= Western Flint Glass Company =

The Western Flint Glass Company was a glass house based near Denver, Colorado which was founded in 1899, and was in operation until late 1900, when its ownership and product line was changed and it became the Western Glass Manufacturing Company.

==History==
After a furnace in one of the buildings of the Valverde Glass Company ruptured on June 27, 1899, causing massive damage to one of the buildings and bankrupting the old company, new investors rented the old plant and began reconstructing it. Operations began that fall, with Frank Riley Ashley, secretary of the Western Chemical Company at the time, as president.

==Products==
Even though the company was only in operation for a single year, they managed to produce a fairly large volume of products.

===Glass insulators===

two of the four main insulator styles produced by W.F.G. Co.
CD 106
CD 121

The most well known products of the Western Flint Glass Company are their telegraph insulators. They are known to have manufactured consolidated design (CD) numbers 106, 121, 134, and 162. Evidence also strongly suggests that CD numbers 145, 190/191, 288, and 298 were produced, although none have been found to date marked with the company name.
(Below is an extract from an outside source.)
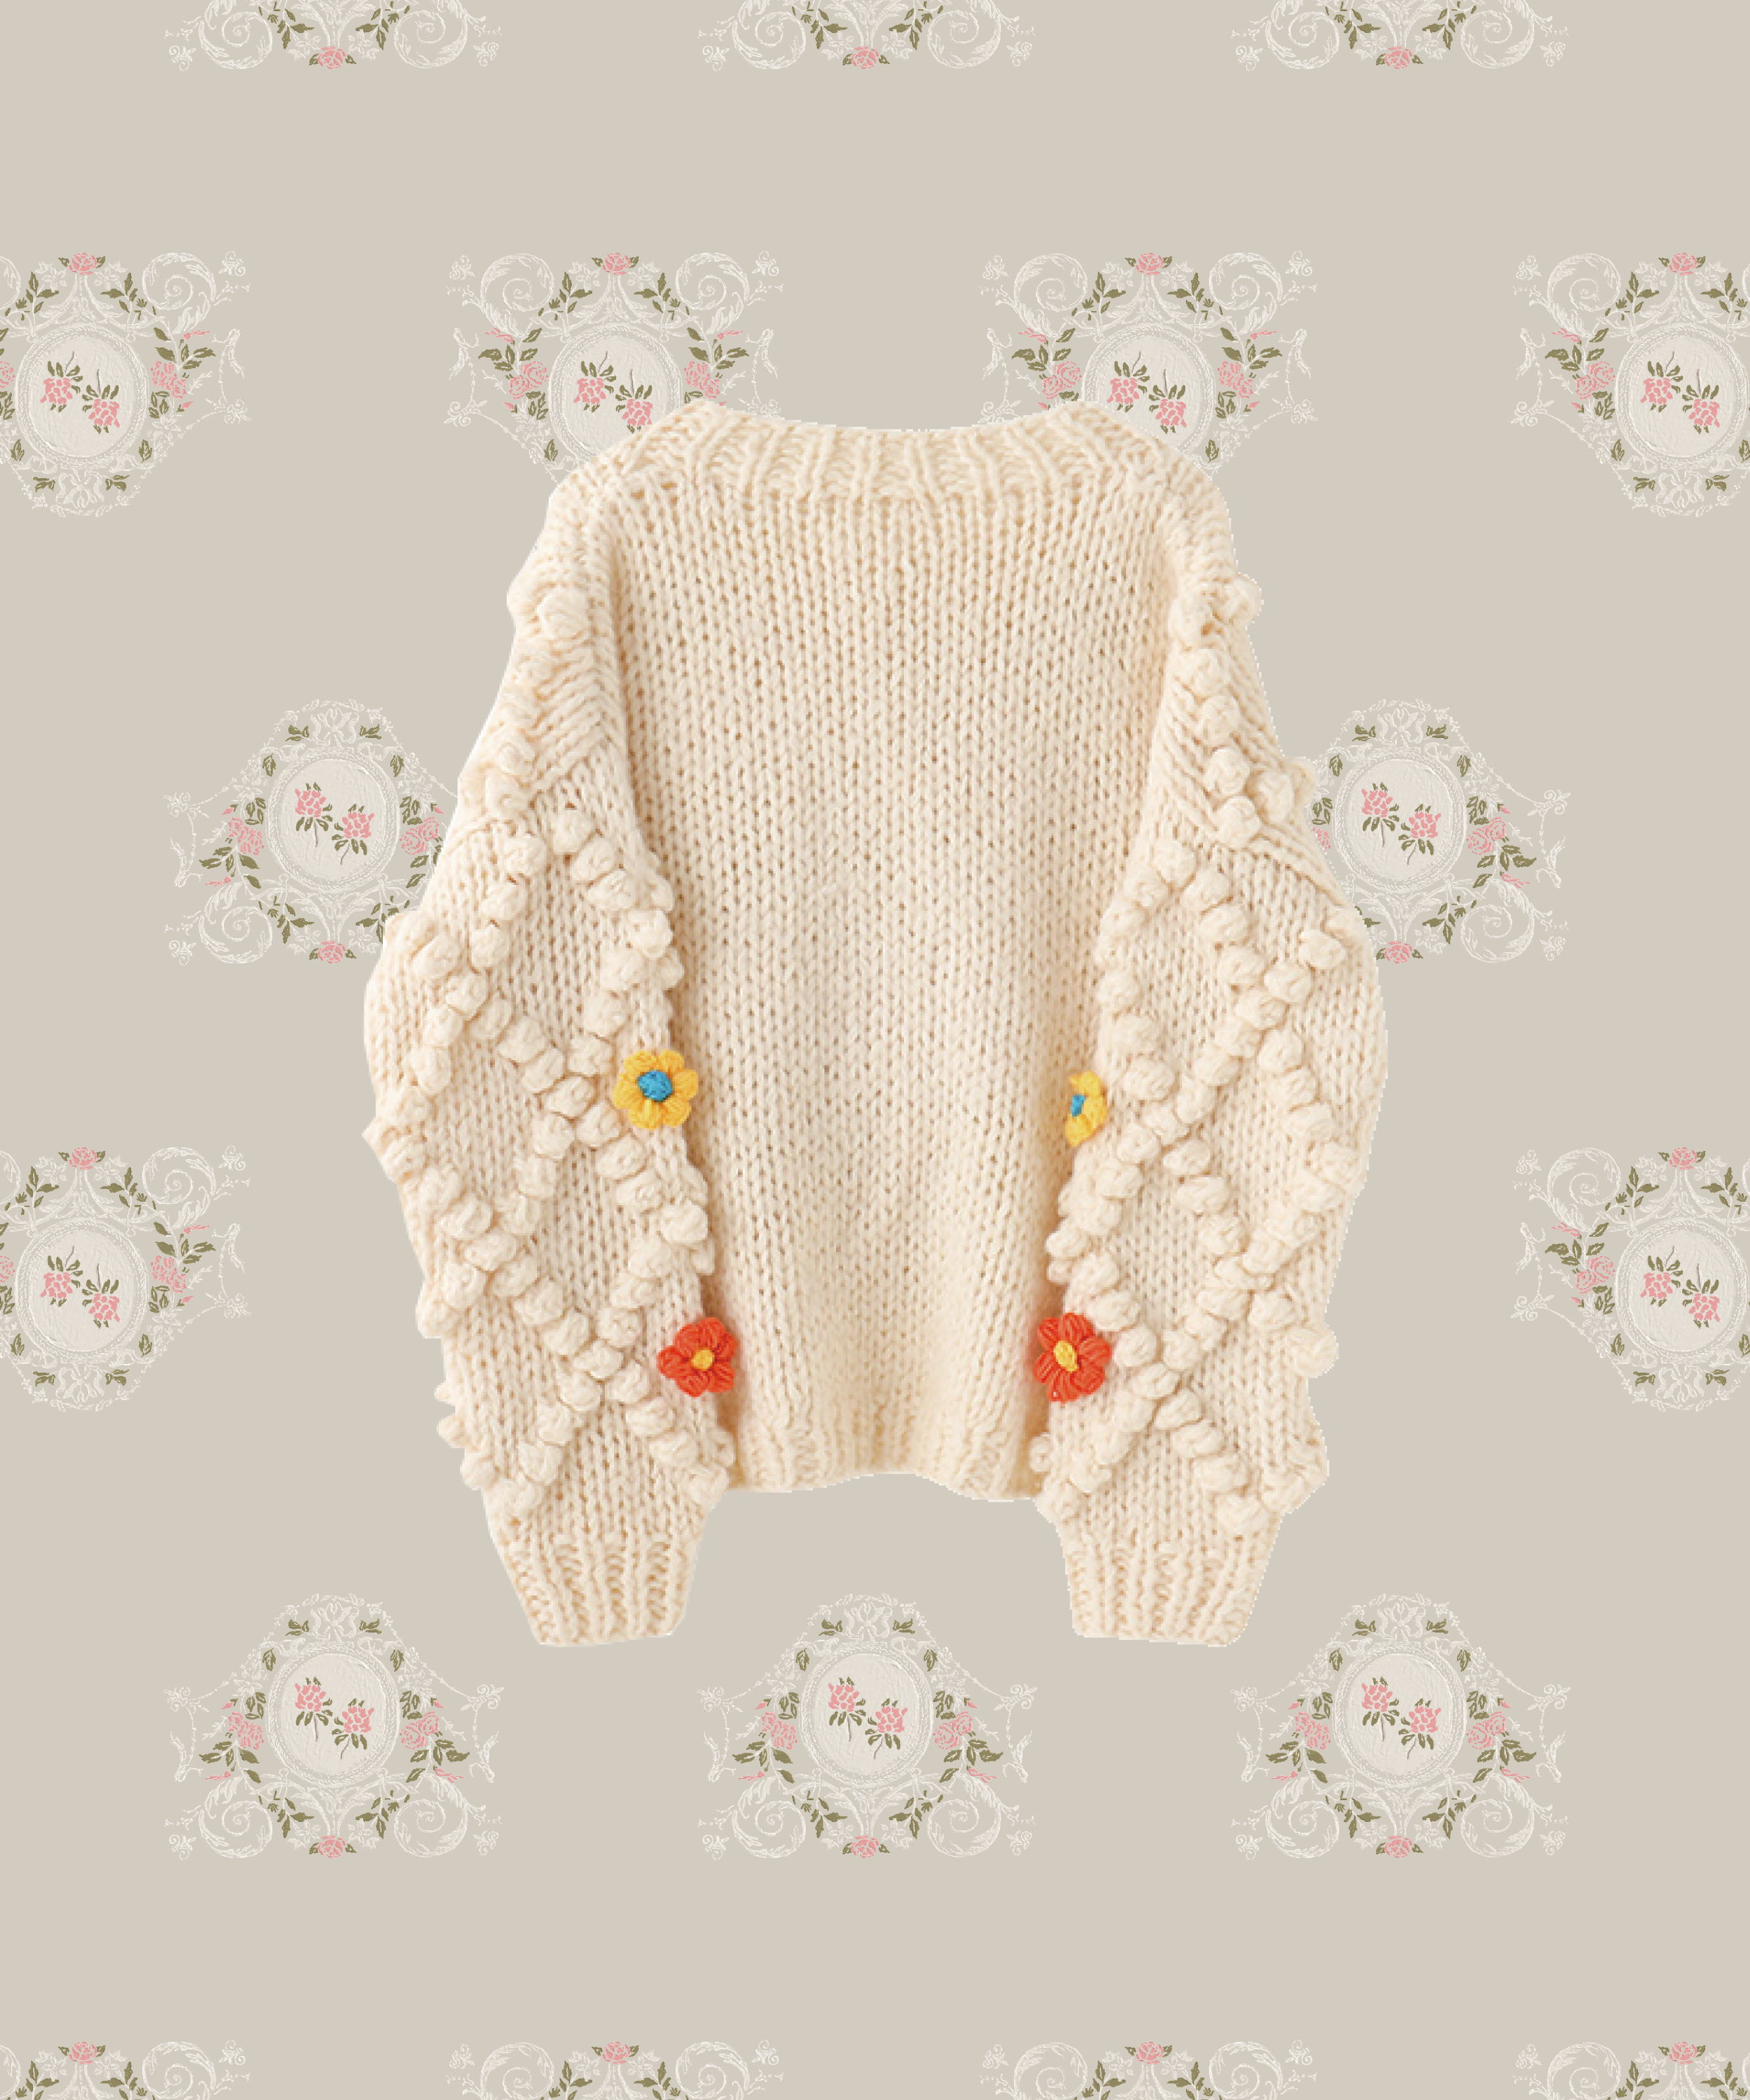 Handmade Garden Crochet Cardigan. ハンドメイドガーデンカーディガン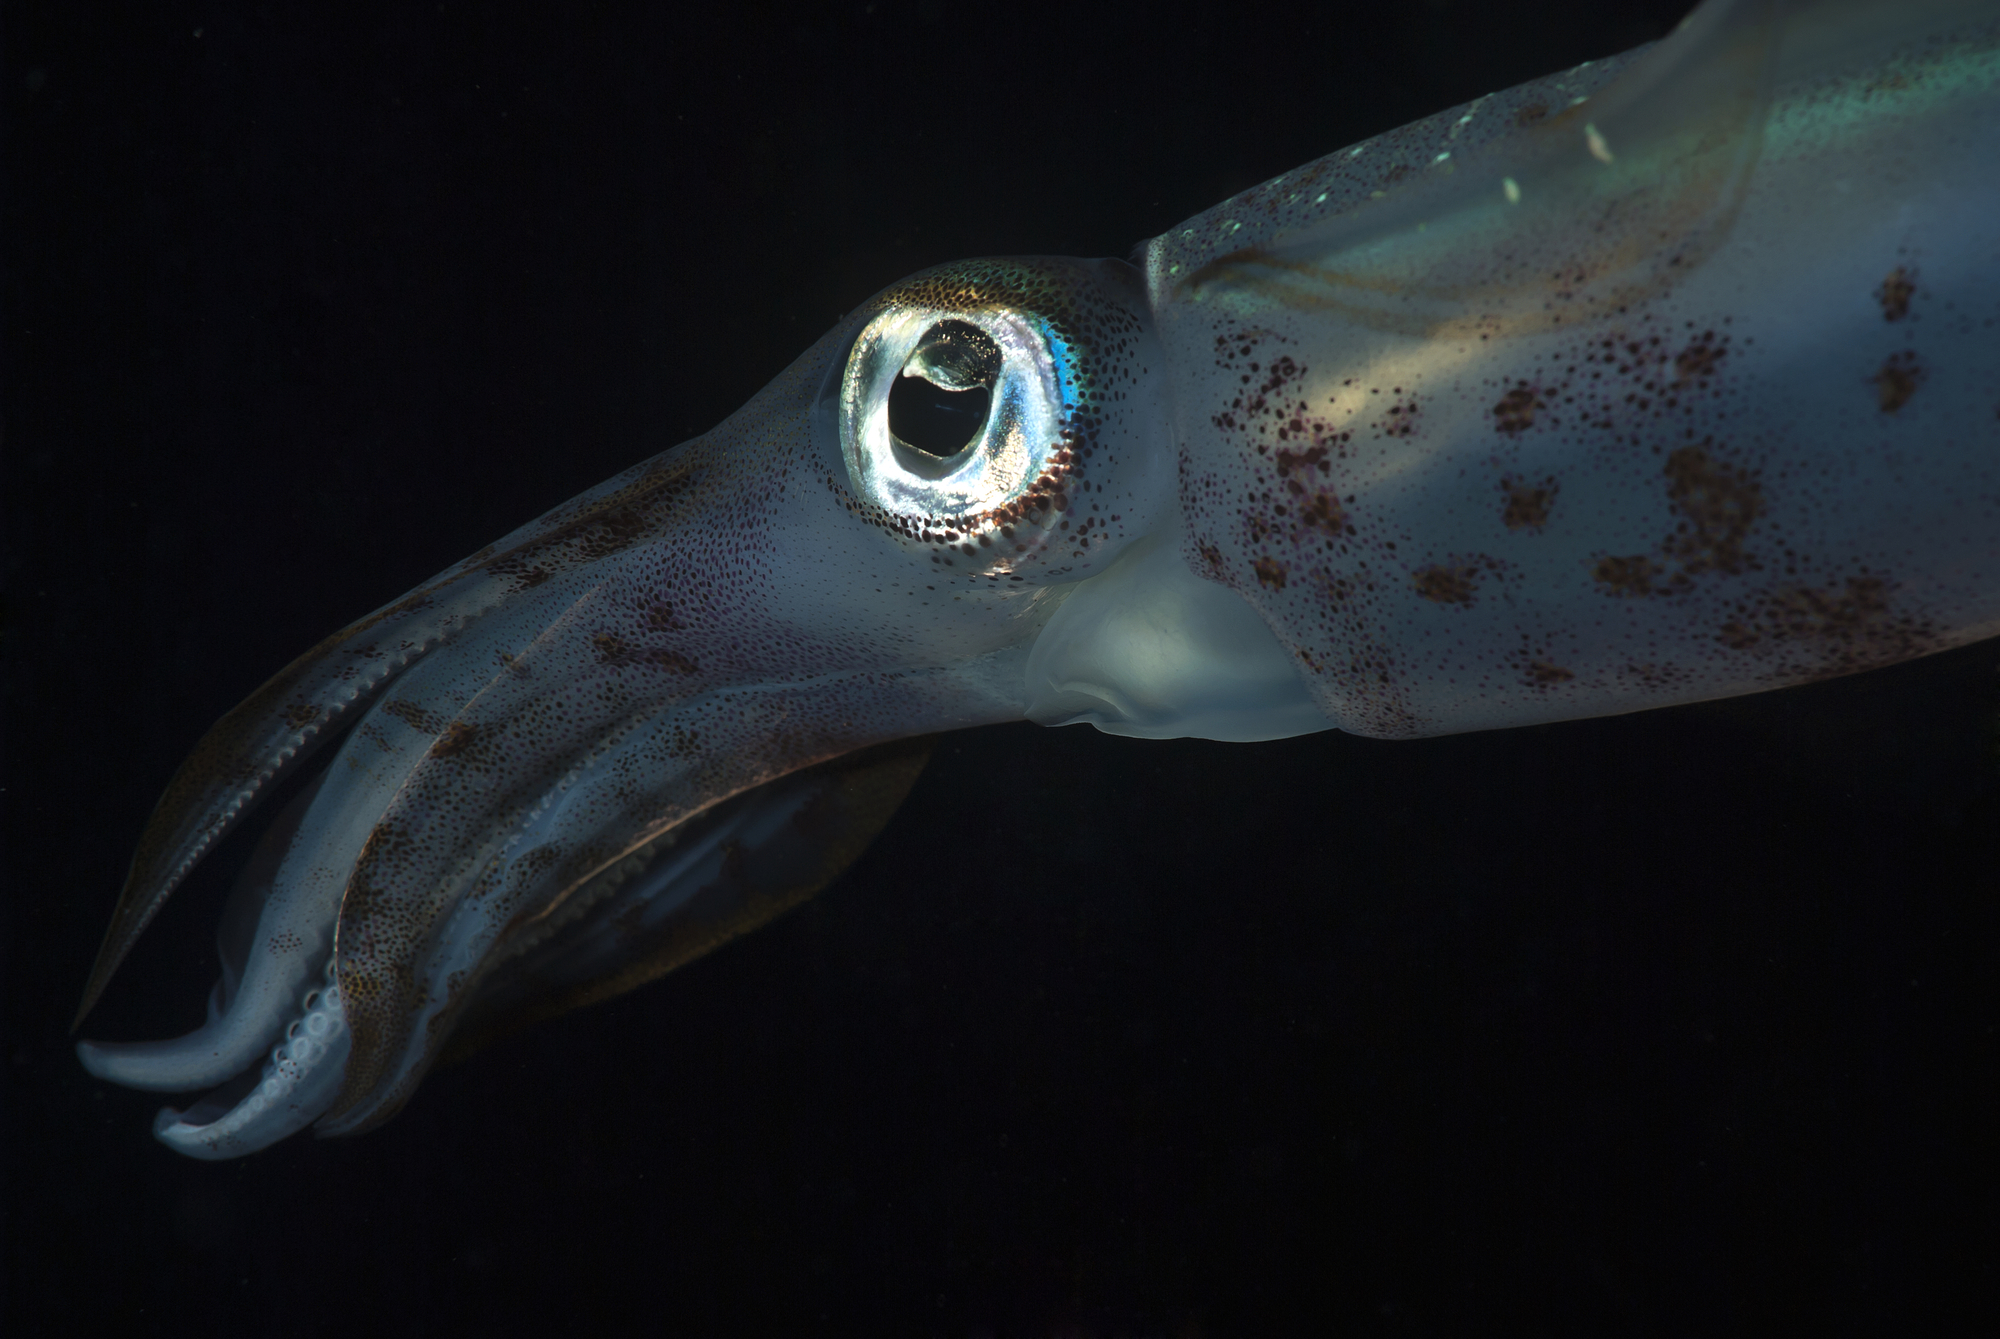 Bigfin reef squid with semitransparent skin in the ocean

It has been shown, by close inspection of insulators, that all marked molds used by W.F.G. Co. had been previously used by the Valverde Glass Company.

===Quality issues===
Because the company was founded and operated by investors who were inexperienced in glass manufacturing, the glass produced was of fairly low quality, as they struggled to get uniform color and glass properties from batch to batch. For this reason W.F.G. Co. was never very successful in the bottle market, where glass of uniform color and appearance was important. The glass produced was, however, acceptable for manufacture of glass telegraph insulators. In the summer of 1900, the company hired Michael Nester, an expert in glass production, in order to help train workers and produce de-colorized glass. Shortly thereafter the company was re-organized under his control and renamed Western Glass Manufacturing Company.